La hermenéutica, a la que su nombre está vinculado, no es un camino de dirección única, sino un cruce continuo de preguntas, réplicas, contestaciones y nuevas preguntas. “El arte de conversar, también consigo mismo, constituye la fuerza del pensamiento”, escribió Gadamer en un perfil autobiográfico. “¿No ve?”, observa con humor durante la discusión, “me gusta llevarle la contraria: conversar es eso”.

Nació cuando despuntaba el siglo XX en Marburgo y creció en Breslau bajo la autoridad prusiana de un padre, científico de profesión, que sólo con reservas pudo aceptar la elección de su hijo de estudiar filosofía. Se doctoró a los veintidós años, y por aquel entonces llegó a sentirse alguien, hasta que poco después conoció a Martin Heidegger. La penetrante tenacidad del pensamiento de este lo desconcertó totalmente. Si durante su época de estudiante había mantenido, como muchos otros, cierta desconfianza hacia las oscuras preguntas heideggerianas –como ¿Qué es el ser?–, ahora, tras su encuentro, ya no pudo librarse de ellas, como tampoco de la “maldita sensación de que Heidegger estaba siempre a mis espaldas, vigilándome”.

Con humor recuerda las llamadas telefónicas de Heidegger, cuando Ortega y Gasset anunciaba que pasaría a verlo. “Ven rápido. Ortega vuelve a acosarme.” El español lo ponía un poco nervioso con sus observaciones que –según Heidegger– estaban cargadas de frivolidad: “Sabe usted, Heidegger” –le decía– “un filósofo debe tener tres sentidos: el sentido de la profundidad –que evidentemente usted tiene–, el sentido de la penetración –en el que usted tampoco está mal– y el sentido de la ligereza –del que, por desgracia, carece totalmente. Tiene que bailar, Heidegger. ¡Bailar!” y Heidegger mascullaba: “¿Qué tiene que ver el baile con la filosofía?”

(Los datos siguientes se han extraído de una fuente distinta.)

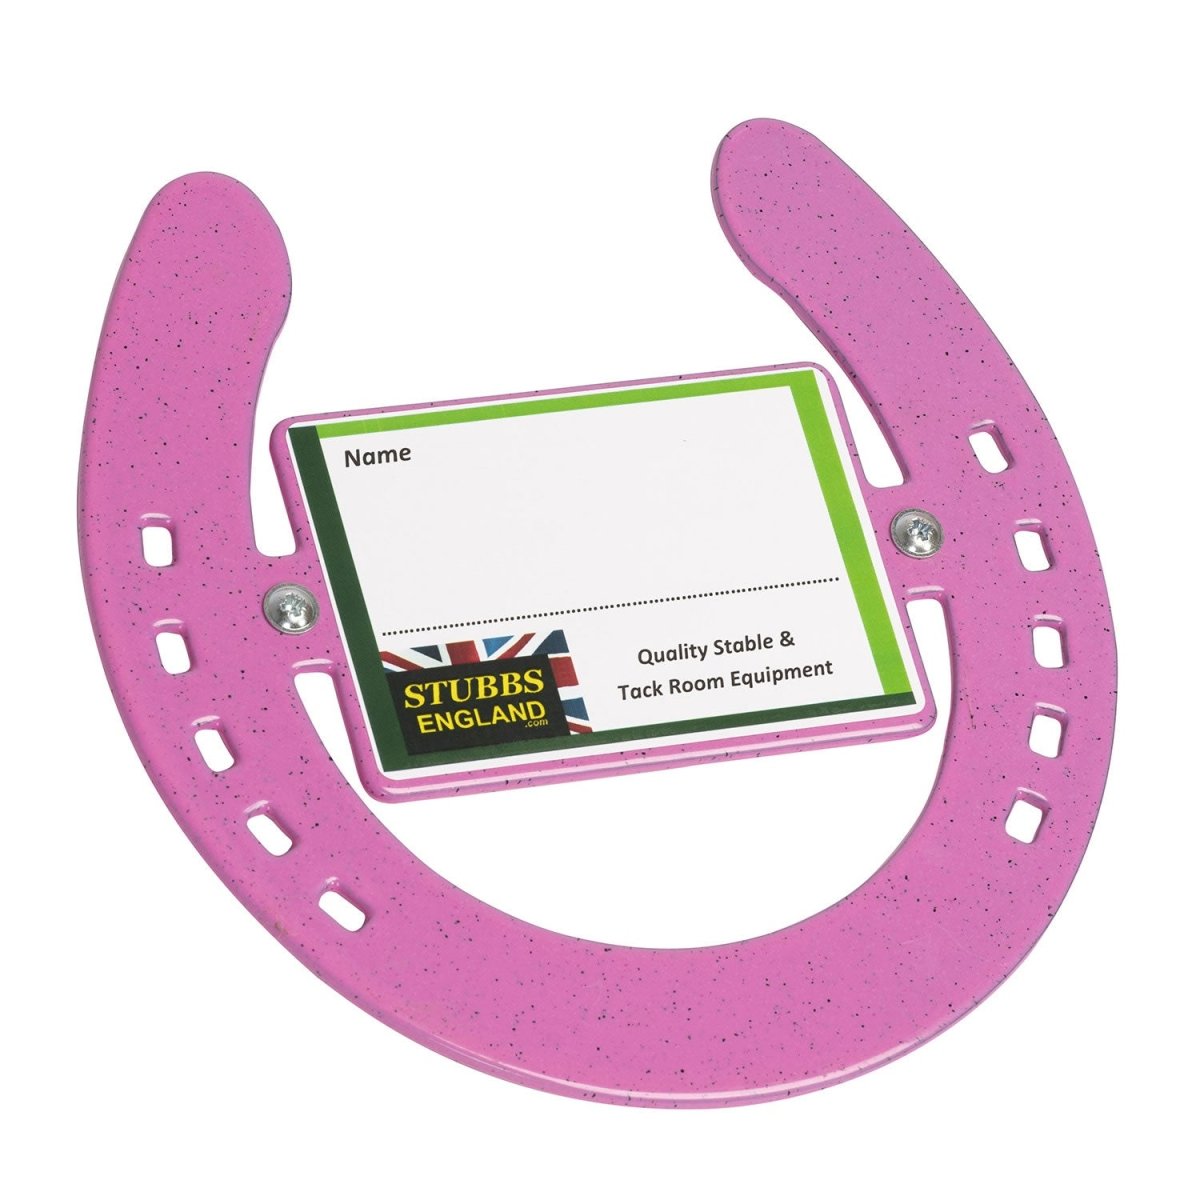 Stubbs Horseshoe With Name Plate - Pink -

En 1960 Gadamer publicó su monumental estudio Verdad y método. Treinta años más tarde, las estanterías de su despacho en su casa, situada en un tranquilo barrio residencial en una de las colinas que rodean Heidelberg, están llenas de los volúmenes de la edición de su Obra Completa. El despacho, ya de por sí pequeño, aún lo parece más con un hombre de su estatura que, a pesar del bastón y de su postura algo encorvada, no aparenta noventa y tres años. Un grabado de Durero y un cuadro abstracto de Serge Poliakoff de un rojo vivo (“Un regalo de mis alumnos por mi sexagésimo cumpleaños”) adornan la estancia. Los libros y los manuscritos se apilan en las estanterías y en el suelo. La caída de una de esas pilas interrumpirá ruidosamente nuestra conversación. “Ya ve”, me dice Gadamer, “Spitzweg también ha causado estragos aquí”.

En un taburete hay una bandeja con unas tazas de café y galletas (“A los holandeses les gustan las galletas, ¿no?”). Sobre el sofá, junto al visitante, se ha acomodado el gato de Gadamer.

 

La verdad

En las primeras páginas de su libro La actualidad de lo bello escribe usted: Nos preguntamos por la cuestión de la justificación del arte, pues el arte es una disciplina que suscita todo tipo de preguntas, y en la actualidad incluso más que antes. ¿Qué función puede cumplir aún hoy el arte? ¿Cuál es su sentido y su significado?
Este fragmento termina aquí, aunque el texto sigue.